Advantages of the current study include the prospective design, detailed collection of pre- and post-diagnostic diet and lifestyle information, standardized medical record review of self-reported CRC and deaths, and long-term follow-up. Moreover, the detailed covariate data collected in parallel with fiber intake allowed for rigorous control for confounding by various predictors of cancer survival.

There are limitations that are worth noting. First, detailed treatment data were largely unavailable in the cohorts. However, among a subset of patients with chemotherapy data, fiber intake did not differ by the use of chemotherapy. Moreover, during the time period of the study, adjuvant treatment was largely standardized and primarily correlated with disease stage. Thus, our ability to control for stage in our analyses minimized any potential confounding by treatment. In addition, because all participants were health professionals, any difference in access to adjuvant chemotherapy is minimized. Second, beyond cause of mortality, data on cancer recurrences were unavailable in our cohorts. Nevertheless, because the median survival for metastatic CRC was approximately 10 to 12 months during much of the period of this study,59 CRC-specific mortality should be a reasonable surrogate for cancer-specific outcomes. Third, the number of CRC-specific deaths is relatively small, and therefore further large-scale studies are needed.
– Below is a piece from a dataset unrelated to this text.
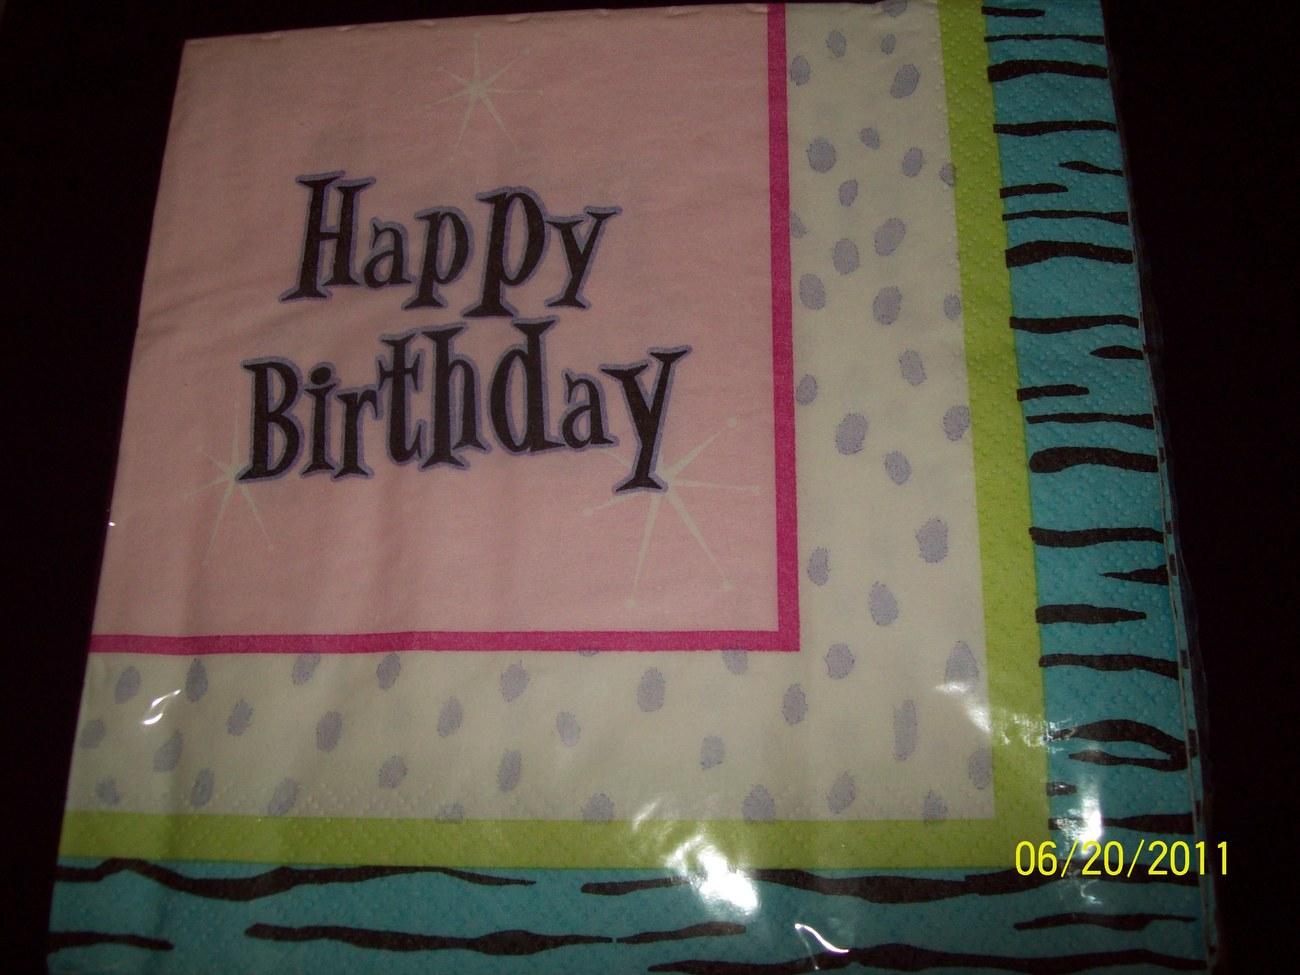 3 PACKS HAPPY BIRTHDAY Zebra Print Luncheon NAPKINS 16ct - 3ply NEW

Finally, as an observational study, residual confounding cannot be excluded, although we observed similar results through multivariable adjustment and propensity score analysis. Our findings need to be validated by further studies, including possible clinical trials. Of note, previous observational data regarding the favorable influence of other lifestyle factors on CRC survival have been subsequently confirmed in randomized trials. For example, in support of the beneficial association with CRC survival for physical activity60 and high intake of vitamin D61 and marine omega-3 fatty acid62 in prospective cohort studies, randomized clinical trials have documented a positive influence of exercise intervention on patients’ quality of life and functional capacity;6366 the benefit of preoperative omega-3 fatty acid therapy on reducing tumor vascularity and prolonging patients’ survival;67 and the effect of high-dose vitamin D supplementation on improved survival in metastatic CRC patients.68 These robust data indicate the critical role of prospective observational studies in identification of modifiable lifestyle factors for improvement of cancer survival.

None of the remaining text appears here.